Constable of Portugal
- In office 6 April 1385 – 1 November 1431
- Monarch: John I of Portugal
- Preceded by: Álvaro Pires de Castro
- Succeeded by: John of Portugal

Lord High Steward
- In office 6 April 1385 – 1 November 1431
- Monarch: John I of Portugal
- Preceded by: Garcia Rodrigues de Taborda
- Succeeded by: Diogo Lopes de Sousa

Personal details
- Born: 24 June 1360 Cernache de Bonjardim, Portugal
- Died: 1 November 1431 (aged 71) Convent of the Carmelites, Lisbon, Portugal
- Spouse: Leonor de Alvim ​ ​(m. 1376; died 1388)​
- Children: Beatriz Pereira de Alvim
- Parent(s): Álvaro Gonçalves Pereira (father) Iria Gonçalves do Carvalhal (mother)

= Nuno Álvares Pereira =

Portuguese general (1360–1431)

Dom Nuno Álvares Pereira, OCarm (/pt-PT/; 24 June 1360 - 1 November 1431), known as Constable of Portugal, was a Portuguese general who played a decisive role in the 1383–1385 Crisis that assured Portugal's independence from Castile. He later became a mystic and was beatified by Pope Benedict XV in 1918, and canonised by Pope Benedict XVI in 2009.

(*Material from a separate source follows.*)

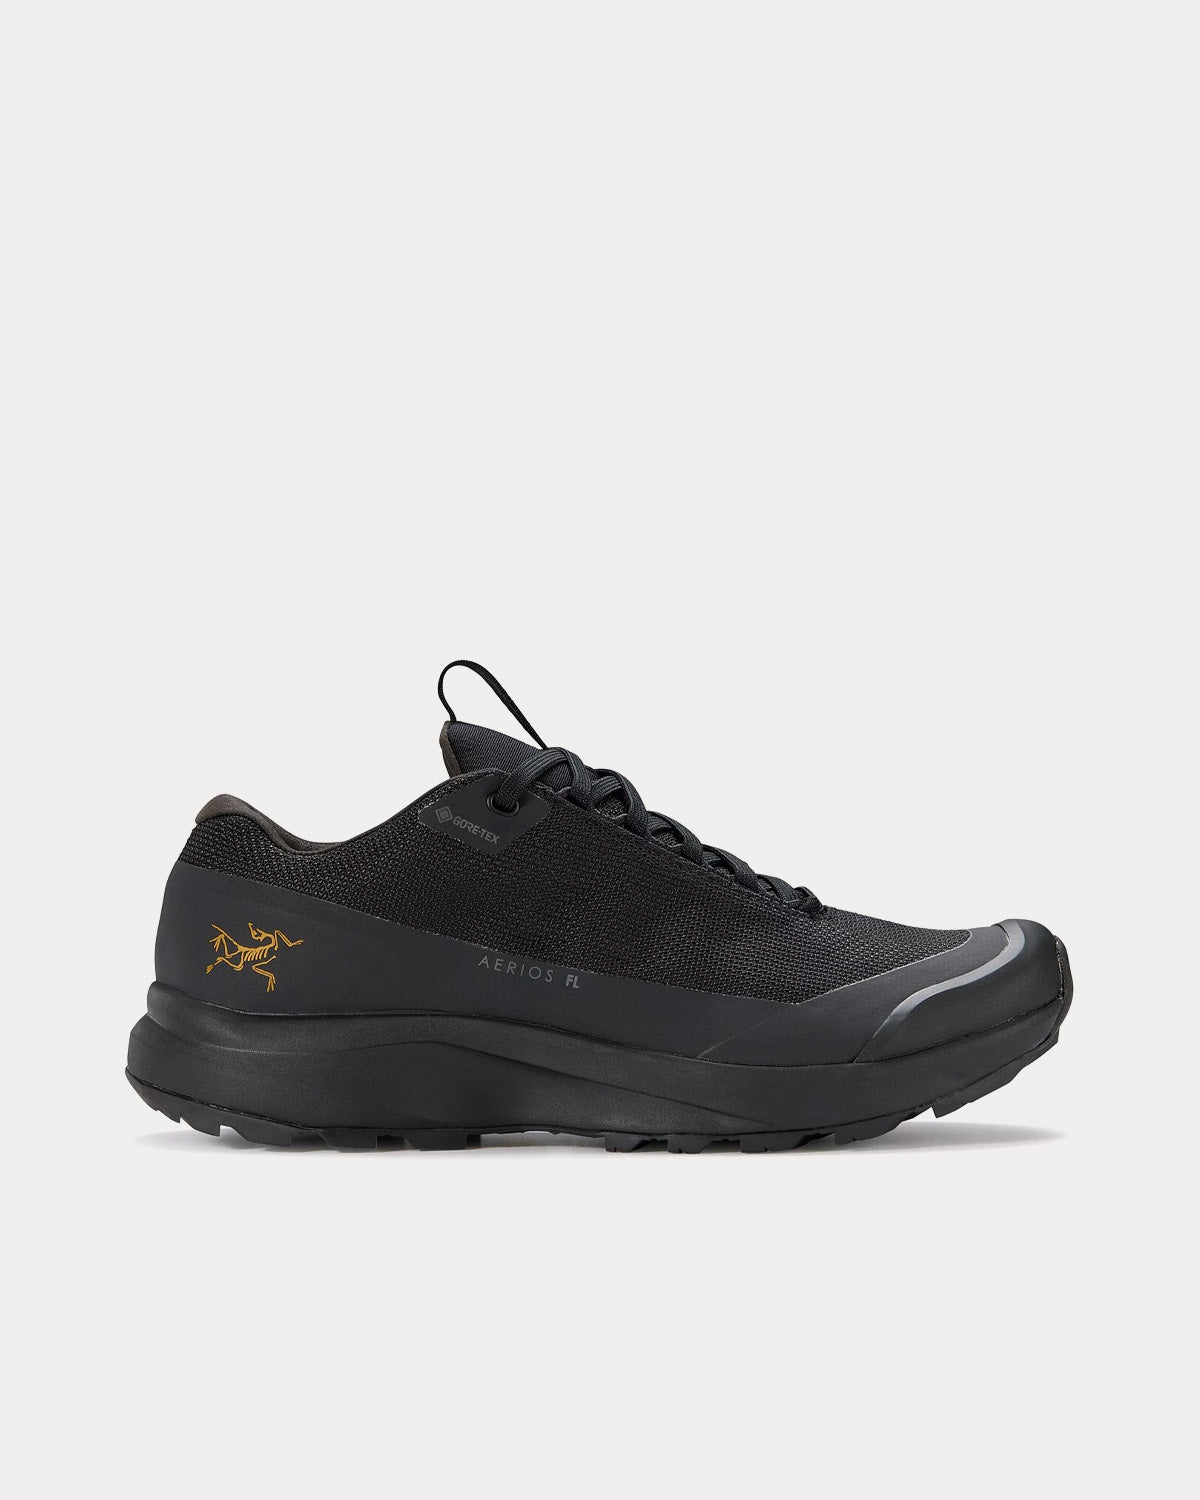 Arc'teryx - Aerios FL 2 GTX Black / Black Running Shoes

Nuno Álvares Pereira is often referred to as the Saint Constable (Santo Condestável) or as Saint Nuno of Saint Mary (São Nuno de Santa Maria), his religious name. He was count of Barcelos, Ourém and Arraiolos.

==Family==

Nun'Álvares Pereira coat of arms

Nuno Álvares Pereira was born on 24 June 1360 in Cernache do Bonjardim, central Portugal, the illegitimate son of Dom Álvaro Gonçalves Pereira, prior of Crato and Iria Gonçalves do Carvalhal. His grandfather was Dom Gonçalo Pereira, the archbishop of Braga from 1326 until 1349. He was descended from the oldest Portuguese and Galician nobility.

About a year after his birth, the child was legitimised by royal decree and so he was able to receive a knightly education typical of the offspring of the noble families of the time.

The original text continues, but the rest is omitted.